The source for the "private APIs" is the government run MTS-K.
https://www.bundeskartellamt.de/EN/Tasks/markettransparencyu...
Remarkable how you can spit out such an ignorant comment and then be wrong about it
99% of UK government IT makes you despair and then you get the 1% like this which are gems.
More unnecessary meddling, this causes price convergence so anyone living close to a typically lower cost source of fuel is going to have an almost imperceptible increase in relative cost.
They certainly love spending taxpayer money on nothing don't they.
In the above model prices converge on a mean, reducing the potential savings for those that price really matters (the poor are the ones most likely to check existing price discovery sites), thus it's regressive - the government are either seeing it as an opportunity to marginally increase tax rake, or more likely are oblivious to the externality of the poor bearing the burden.
That's... not how markets work. The cheap petrol stations are very much aware that they're cheaper than their neighbours already. The more expensive ones may feel some downward pressure, but mostly won't.
People who are price sensitive can discover cheaper alternatives more easily; others still won't bother
Which model? Tested how? Are the poor the most likely to check existing sites?
This is not a new sites. Its making data more available so sites and apps will have more accurate data. This is most likely to benefit those who are willing to trade convenience for lower costs.
Conversely, some expensive petrol stations won't be able to get away with staying so expensive.
> More unnecessary meddling
This is a funny take, because we ostensibly assume 'perfect information' when we extol the virtues of capitalism. It would appear the government is supporting capitalism with this particular initiative...

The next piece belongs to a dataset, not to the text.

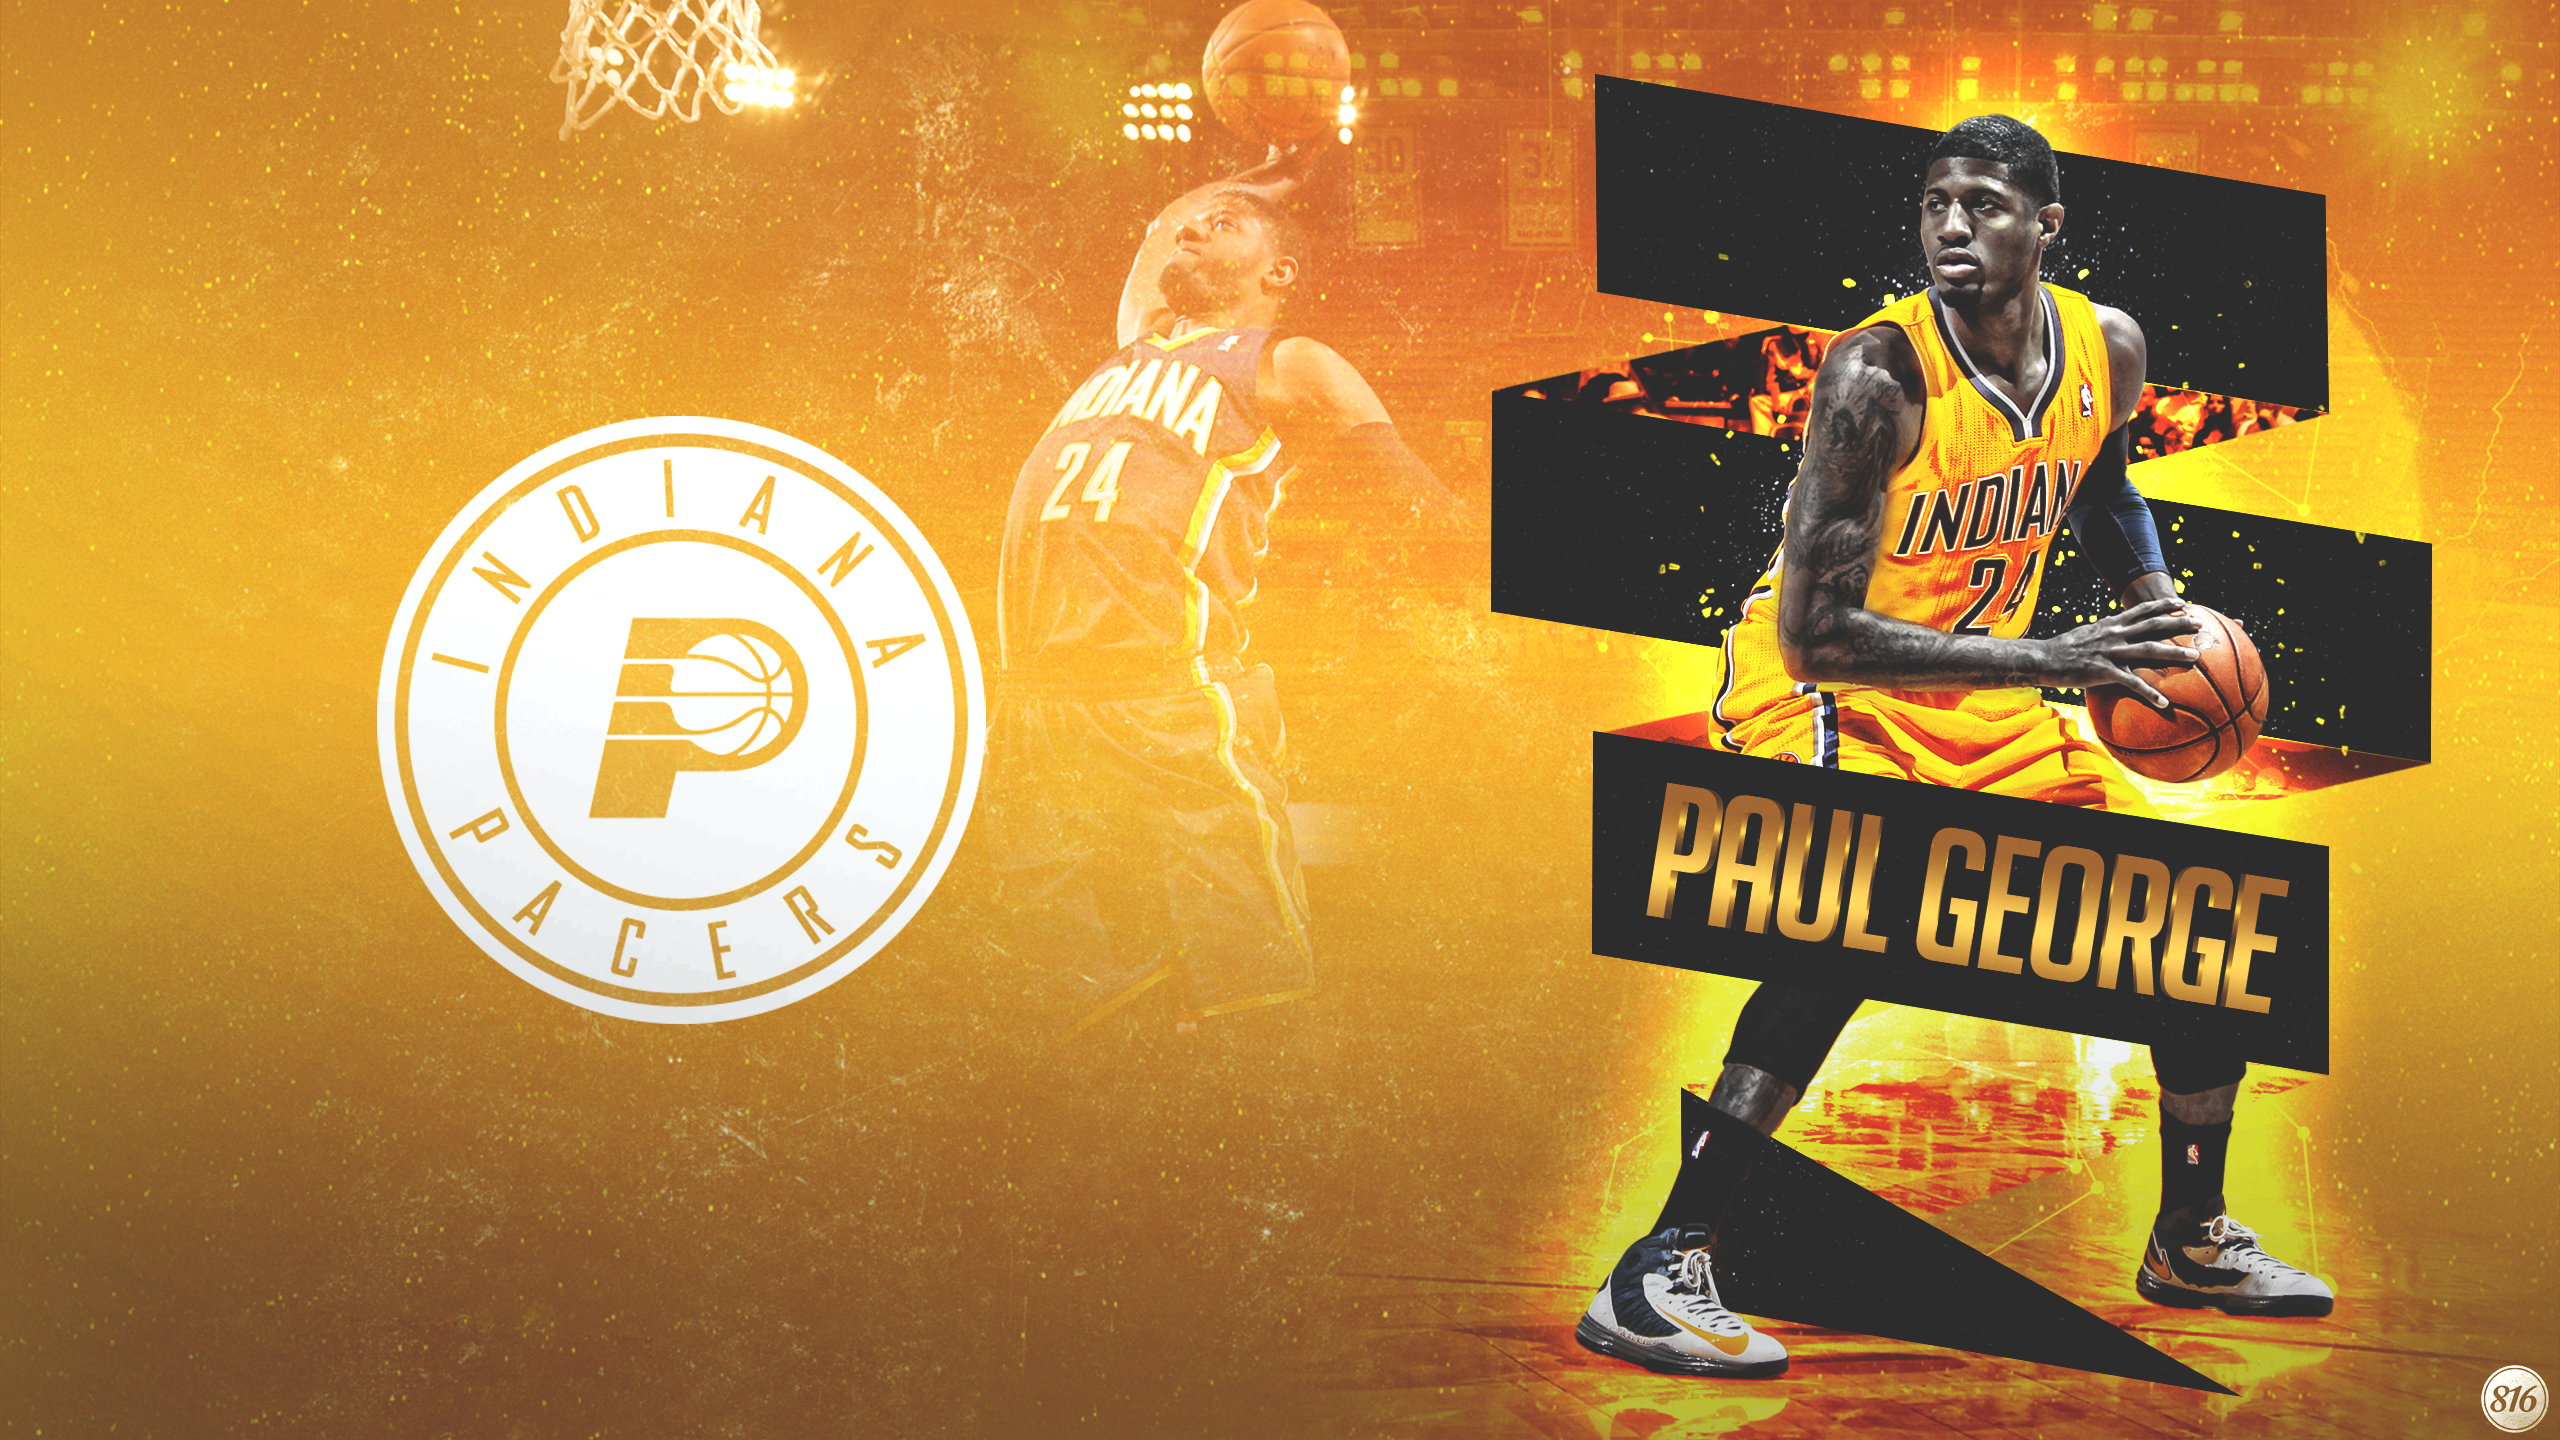 Wallpaper paul george paul george indiana pacers indiana pacers
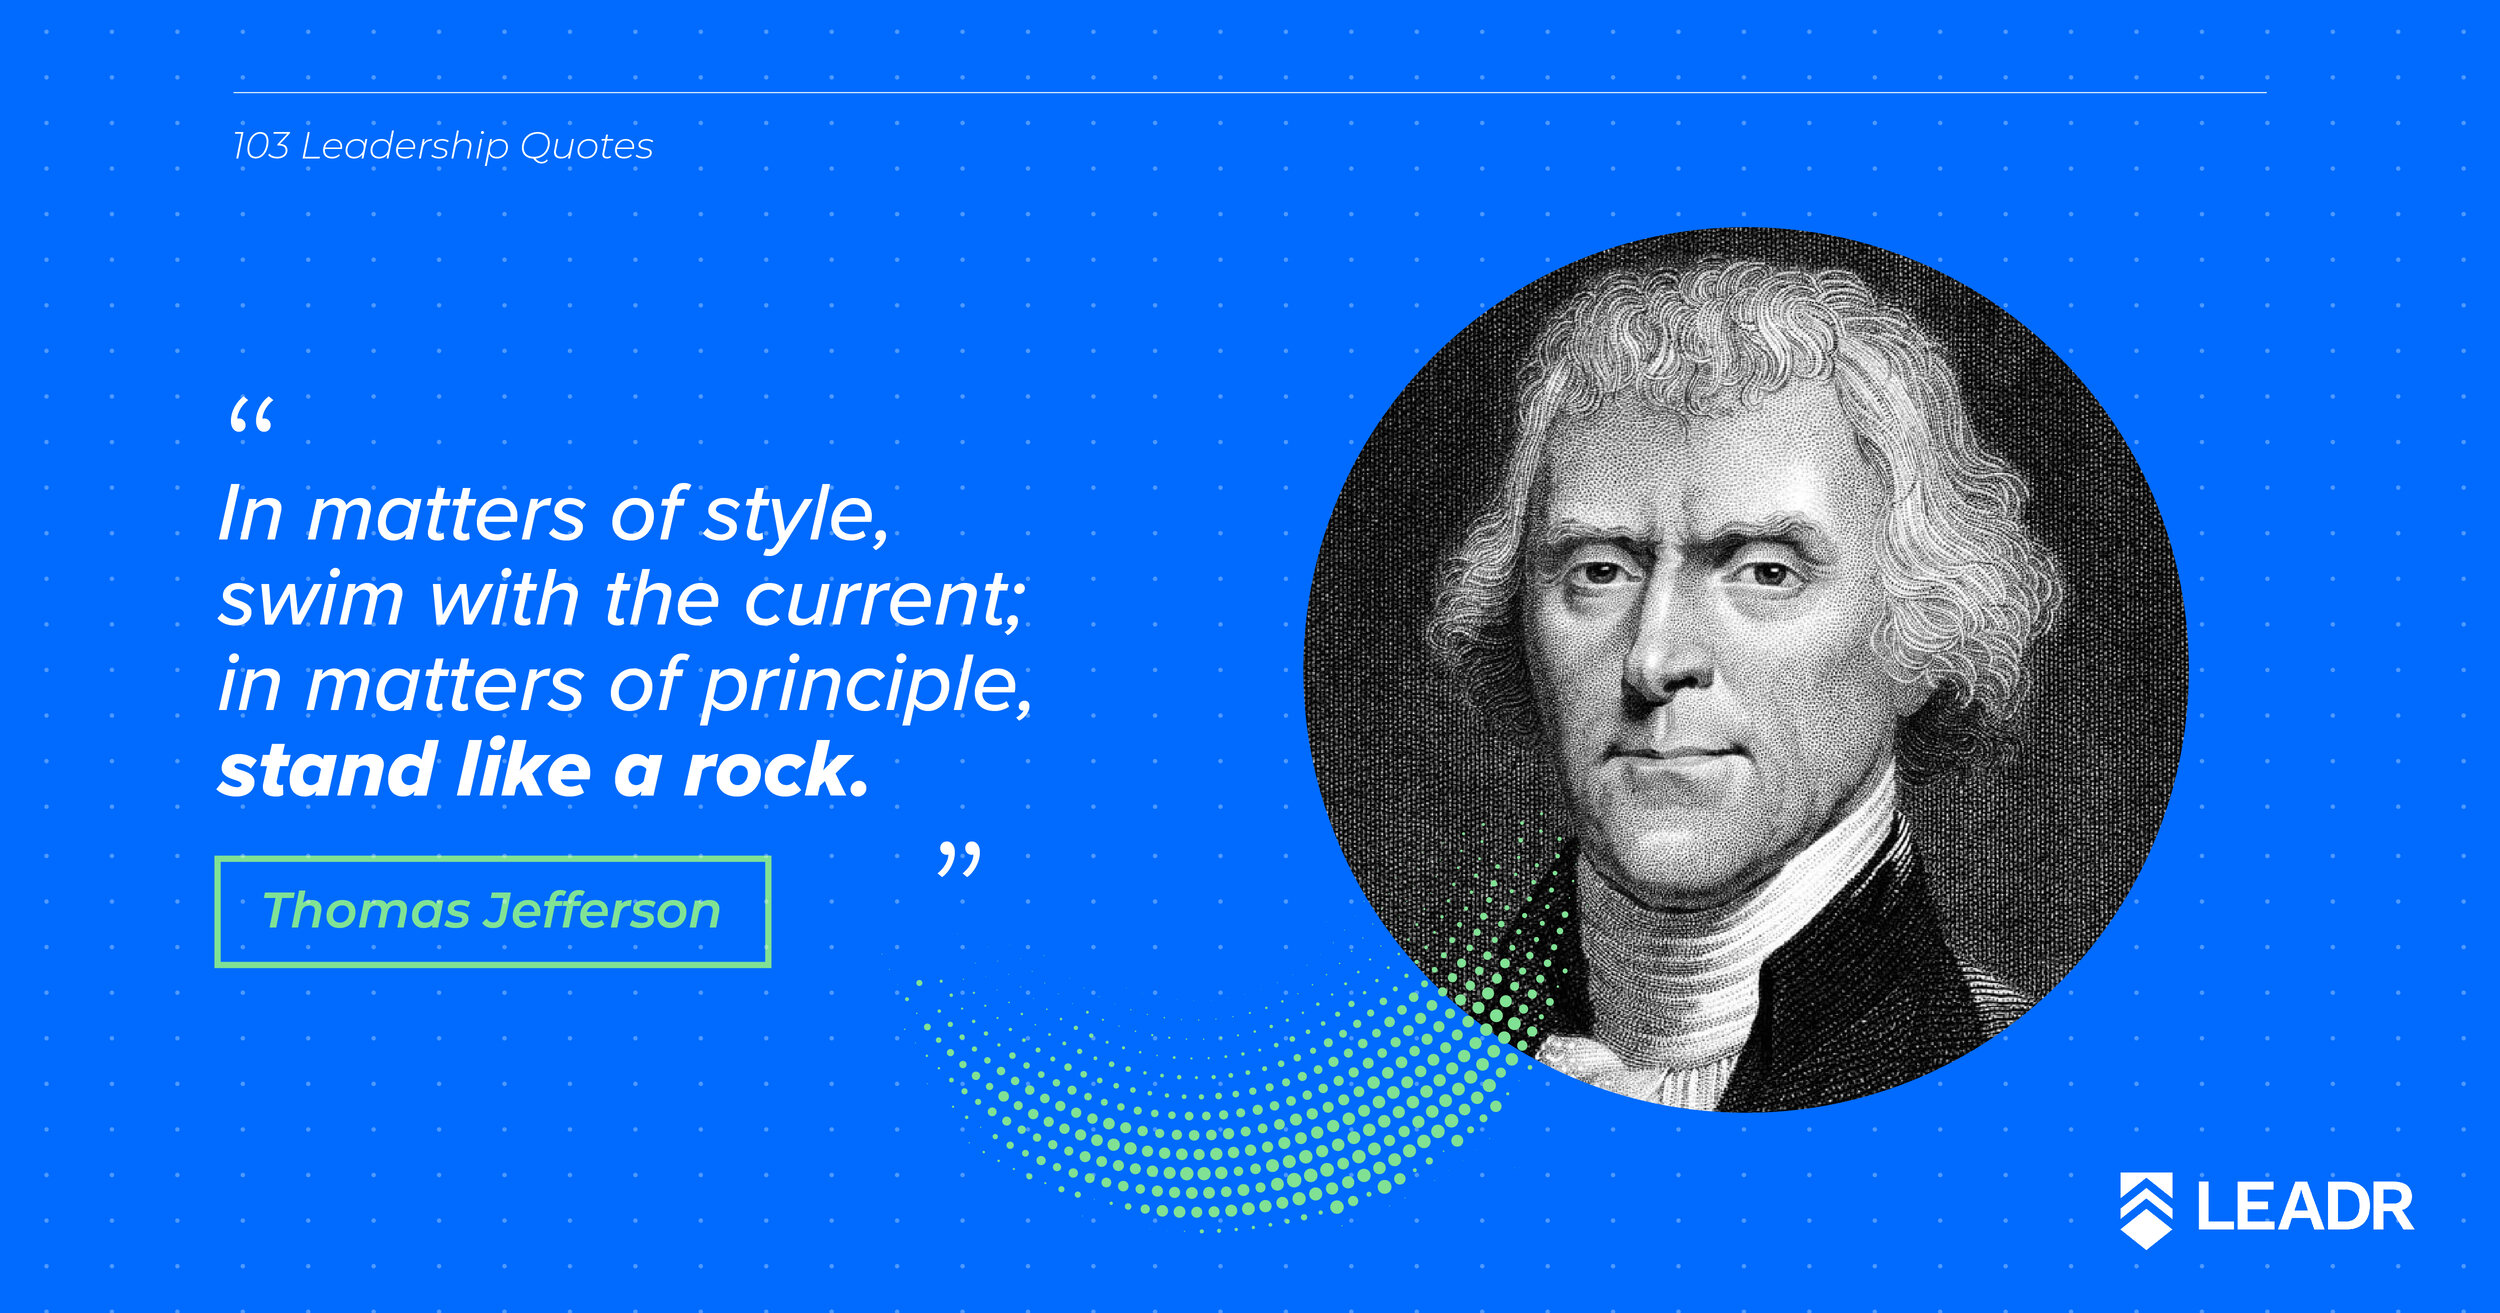 Royalty free downloadable leadership quotes - Thomas Jefferson

We don't assume perfect information, or rather - it exists already in an unsanctioned form for those that seek it (usually those to whom price is sensitive).
Until this we assume marginality holds true and price dispersion has a benefit in society that we unwittingly enable.
Decisions about fuel purchases are often irrational, much like many food purchases or generic medicines.
I know someone who avoids their local petrol station that is 10p/litre cheaper than most others nearby (within a mile or so) as they think the cheaper fuel must be lower quality. There are weird status things going on with purchases like this.
Only the other day my father refused to buy some branded paracetamol because it was ~5 times more expensive than the local pharmacy brand that was out of stock. (£2.25 vs £0.49 for 16 500mg tablets.) I'd usually agree with him but he was out of paracetamol and has been advised by his doctor to take 2x500mg a day and there was no viable nearby alternative.
A digression but for that generation (those born in 1940s/50s) that grew up with rationing I think it is hardwired into their brain to try and minimise the cost of so many things, but with lots of random exceptions. Later on that day he ordered an extra drink but decided he was too full once it had arrived so he left it. So he was worried about spending an extra £1.76 on paracetamol but not about spending £7 on a pint he didn't drink.
Many people decide what petrol station to use based on simply how close it is, what kind of shop is attached to it (and the bits of British snobbery around that), whether it also sells whatever else they want (bread, milk, beer, etc), or even whether it is easy to drive in and out of.